Lembah Pendiam

Jalanan ibukota terlihat menyesakkan seperti biasanya Macet, Pedagang asongan berlalu lalang gencar menjajakan dagangannya kepada para pengendara, para supir angkot yang dengan seenaknya memarkirkan kendaraannya di pinggir jalan membuat ruang jalanan menjadi semakin sempit, serta udara panas yang membuat peluh setia bercucuran dileher. 

Tak henti-hentinya saya mengumpat dalam hati. Sejak dua jam yang lalu saya masih terjebak disini Baru berpindah sekitar duaratus meter dari tempat saya keluar tadi. 

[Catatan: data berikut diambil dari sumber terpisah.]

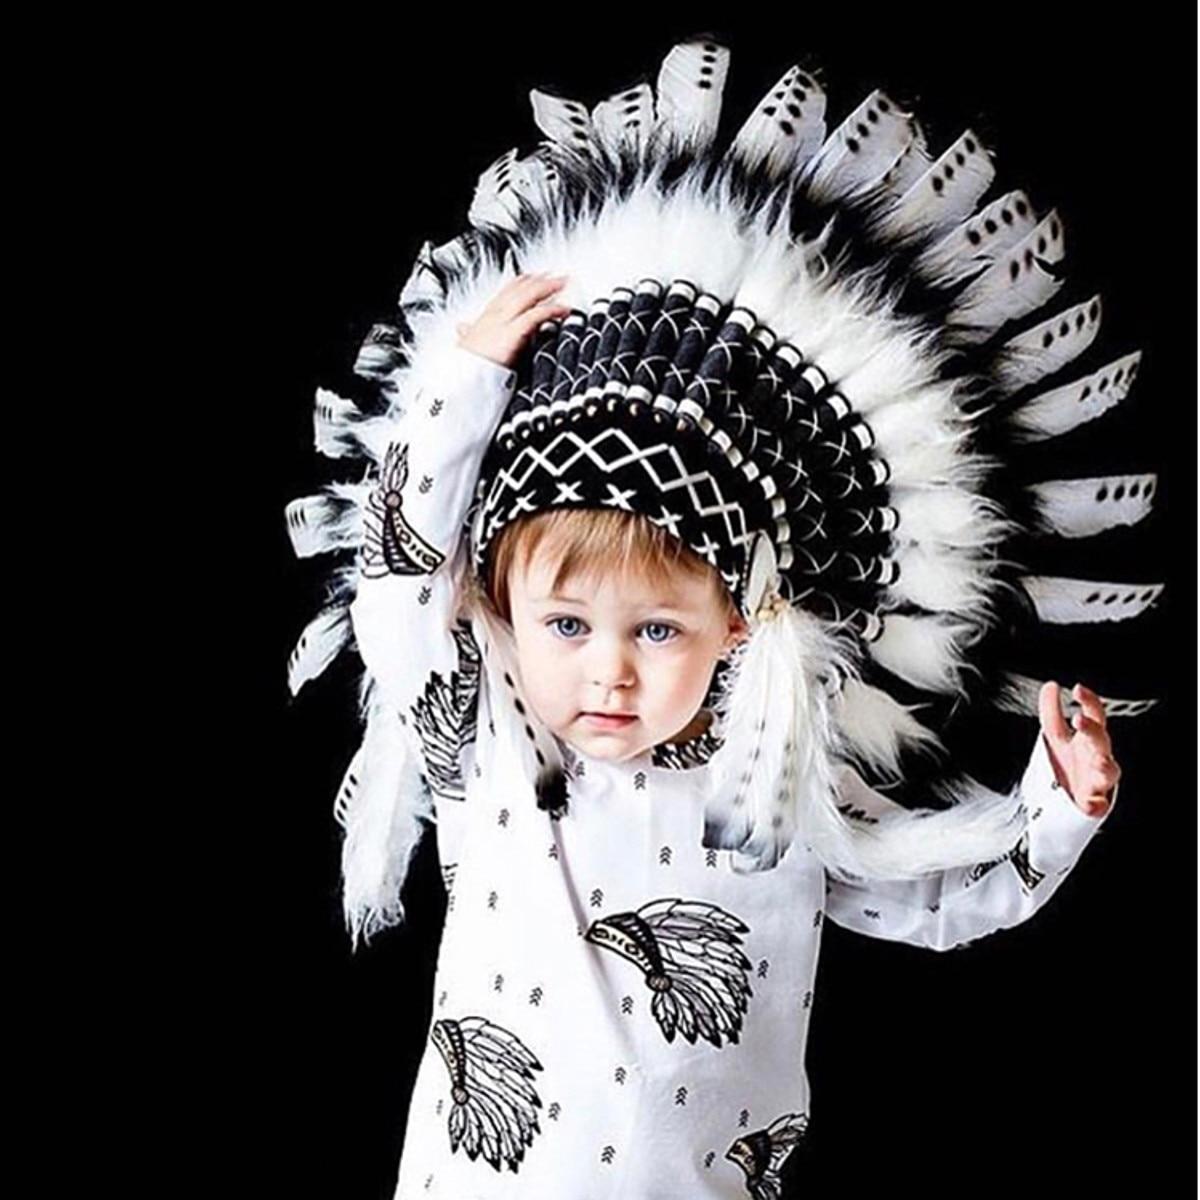 Feather Headband Headpiece Indian Feather Headdress Headwear Hat Party Decoration Photo Props

Sudah tiga setengah tahun hidup disini tapi saya masih belum dapat beradaptasi dengan suasana di Jakarta. Kemacetan, polusi, dan keegoisan para penduduknya. Entahlah apakah saya masih betah tinggal disini lebih lama lagi. Kalau saja bukan karena Ayah yang dimutasi untuk menangani cabang perusahaannya, mana mau saya menghabiskan masa remaja disini. Lebih baik di rumah lama saya, Surabaya, atau rumah Aki (Kakek) yang berada di Bukittinggi. Lebih tenang dan bebas dari segala gangguan kemacetan, 

Berbicara tentang Bukittinggi, sudah lama saya tak berkunjung kesana. Terakhir kali mungkin saat hari raya satu tahun yang lalu. Saya memang jarang mengunjungi kediaman Aki, mungkin hanya saat liburan tertentu. Lebih sering saya berada di Surabaya-kota kelahiran saya. Ibu saya asli orang Jawa Timur sedangkan Ayah dari Sumatera Barat. Oleh sebab itu, saya lebih sering ke Surabaya karena mayoritas keluarga memang berada disana. Sedangkan di Bukitinggi, karena Ayah adalah anak tunggal maka disana hanya ada Aki. Nenek sudah meninggal saat saya masih kelas empat SD. 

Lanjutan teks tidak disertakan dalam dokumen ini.